_Assignment_
Beneath this instruction is a listing; print exactly the lines in it starting at the line that contains "Otofun chọn: Hyundai" and going through the line that contains "Reflexology foot massage Stock Photo".
Segment Start: Dataset content
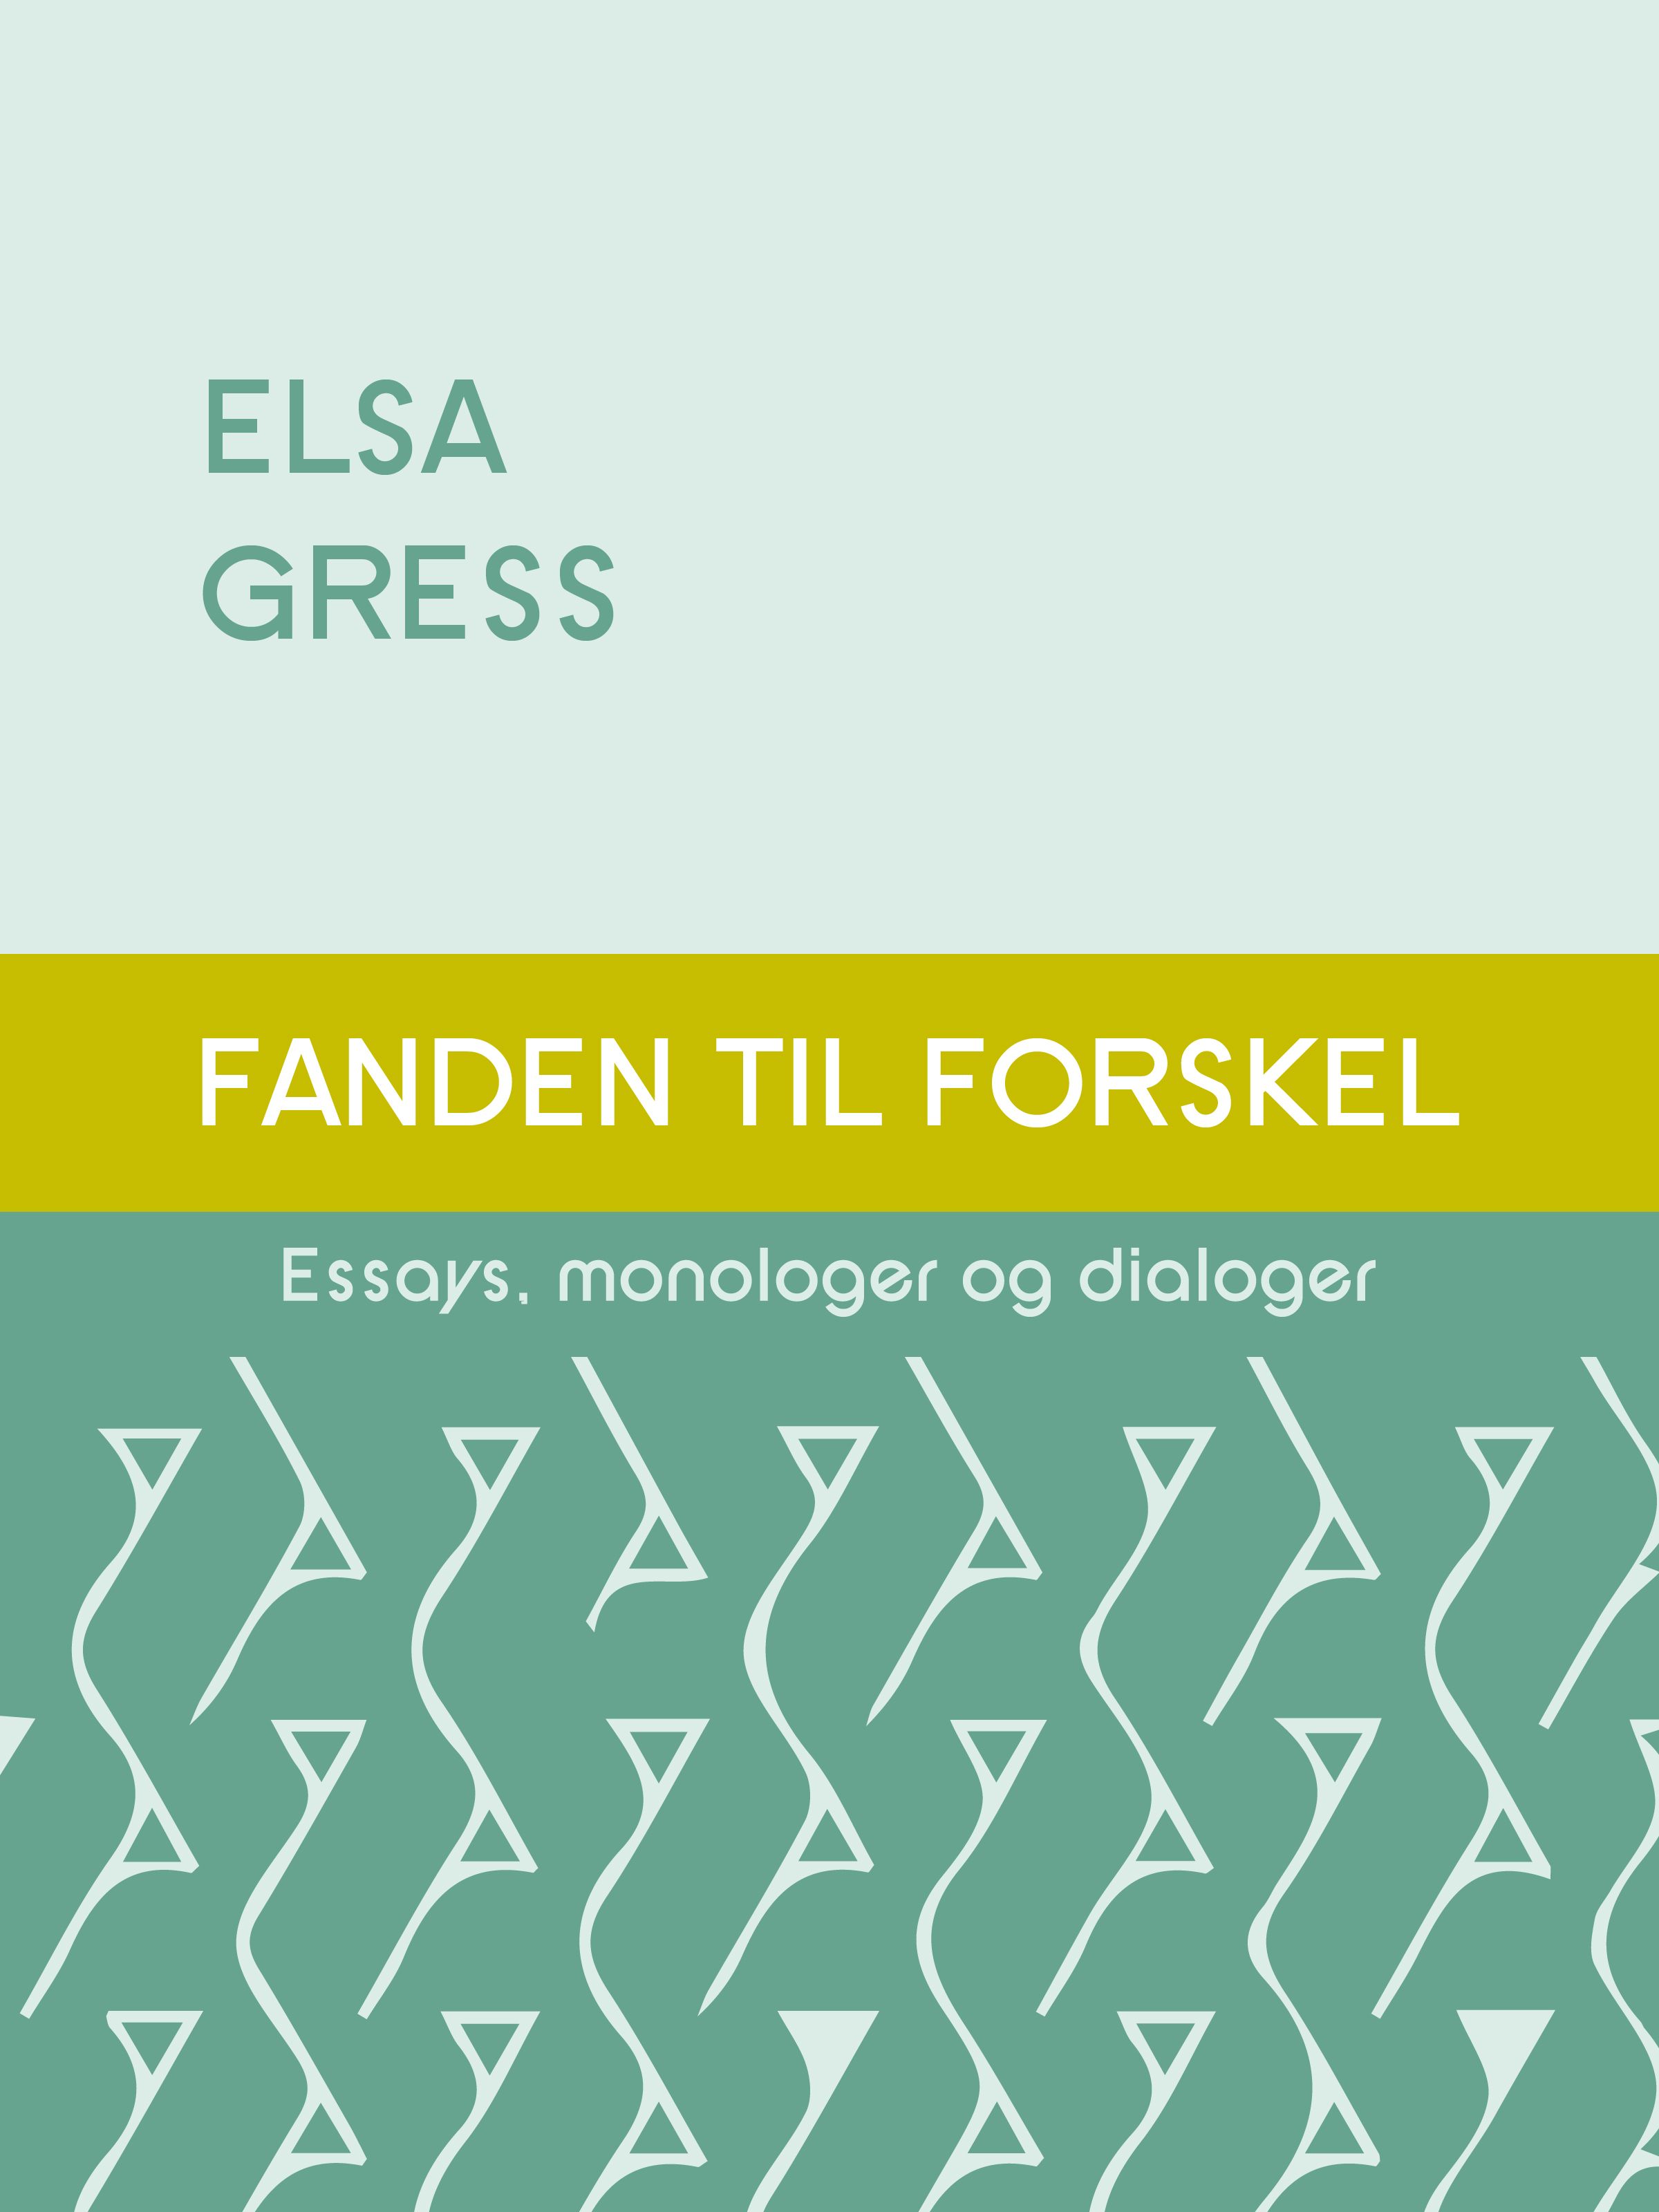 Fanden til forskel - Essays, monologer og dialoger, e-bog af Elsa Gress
Segment End: Dataset content
Segment Start: Dataset content
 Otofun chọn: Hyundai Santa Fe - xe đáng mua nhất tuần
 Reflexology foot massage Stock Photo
Segment End: Dataset content
_Answer section_
 Otofun chọn: Hyundai Santa Fe - xe đáng mua nhất tuần
 Reflexology foot massage Stock Photo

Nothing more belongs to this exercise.